SNR (dB)	Detection Accuracy (%)
	DFT, Goertzel	Proposed
5	100	100
4	100	100
3	100	100
2	100	100
1	100	100
0	100	99.97

is the comparison on the detection accuracy versus SNR among various approaches. It shows that the accuracy of the proposed approach drops at SNR of 0 dB, while the DFT and the Goertzel algorithm remains a 100% accuracy.

However, according to ITU standard [9,10], the signal strength is specified to be 15 dB SNR and higher. In such a condition, a 100% accuracy in DTMF signal detection is provided by the presented MFD algorithm. That is, this proposal is experimentally validated as a superior candidate relative to the counterparts.

5. Conclusions

As an improved version of DFT, the MFD method with an optimal phase search was proposed for the purpose of computational load reduction for a DTMF signal detection. Experimental results show that the number of total operations required for DFT, Goertzel, and presented MFD algorithms in a DTMF signal detection are 83,886, 63,099, and 16,368, respectively.

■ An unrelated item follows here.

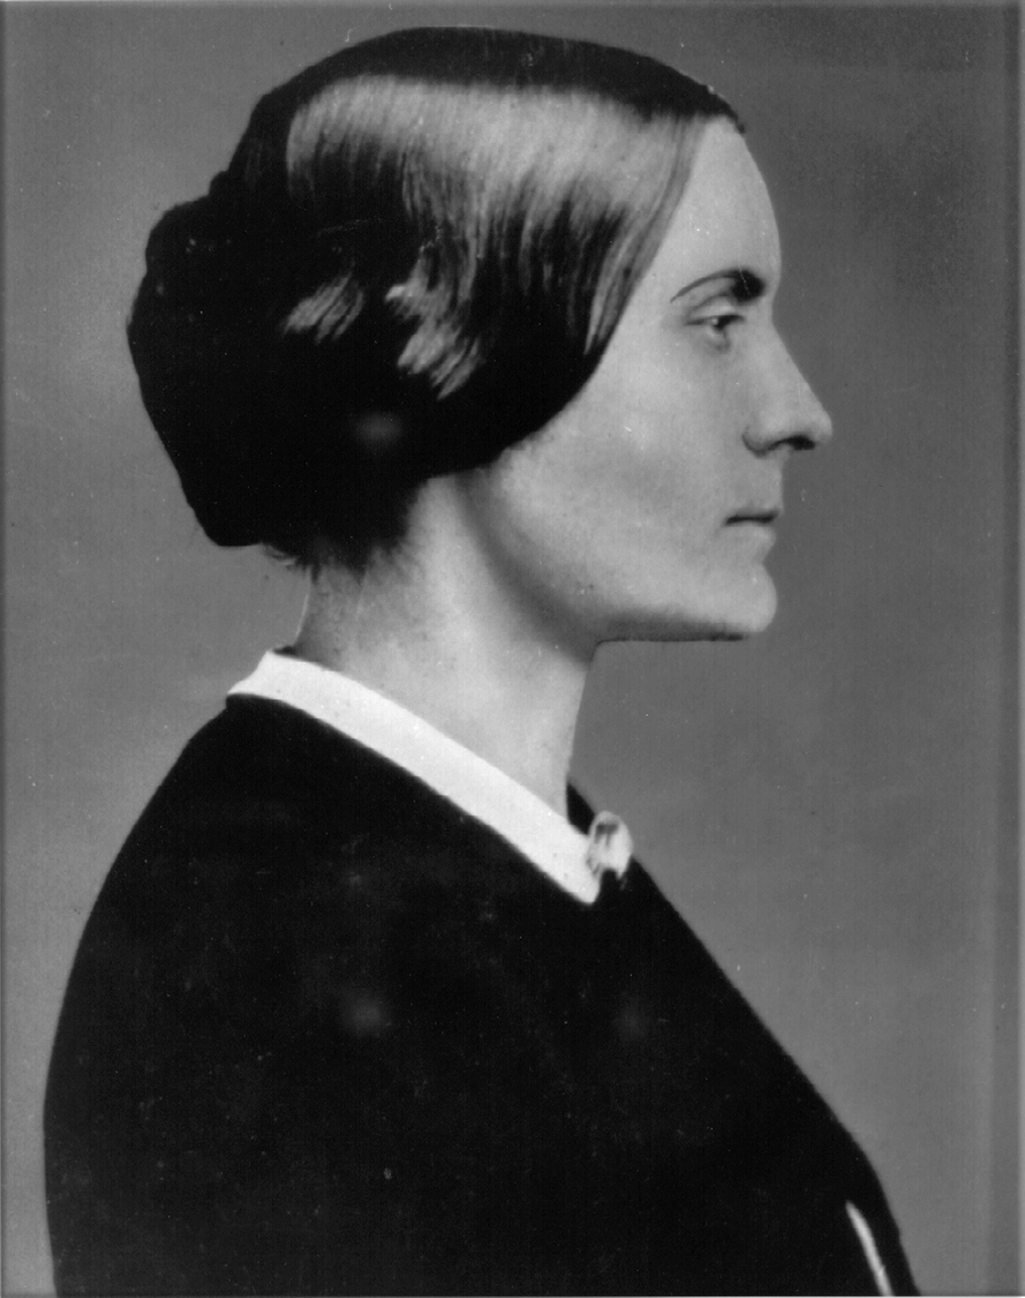 Susan B. Anthony is fined $100 for attempting to vote in the 1872 presidential election

Superiority of this proposed MFD approach is validated by an overall computational load reduction of 80.49% and 74.06%, respectively, compared with a DFT approach and a Goertzel algorithm, while a 100% detection accuracy is provided as long as SNR is higher than 0 dB. This detection complexity reduction is an advantage and an important issue for applying DTMF detection technique to embedded devices. As scheduled, a continuous effort will be made to improve the resistance to noise of the proposed algorithm in the very near future.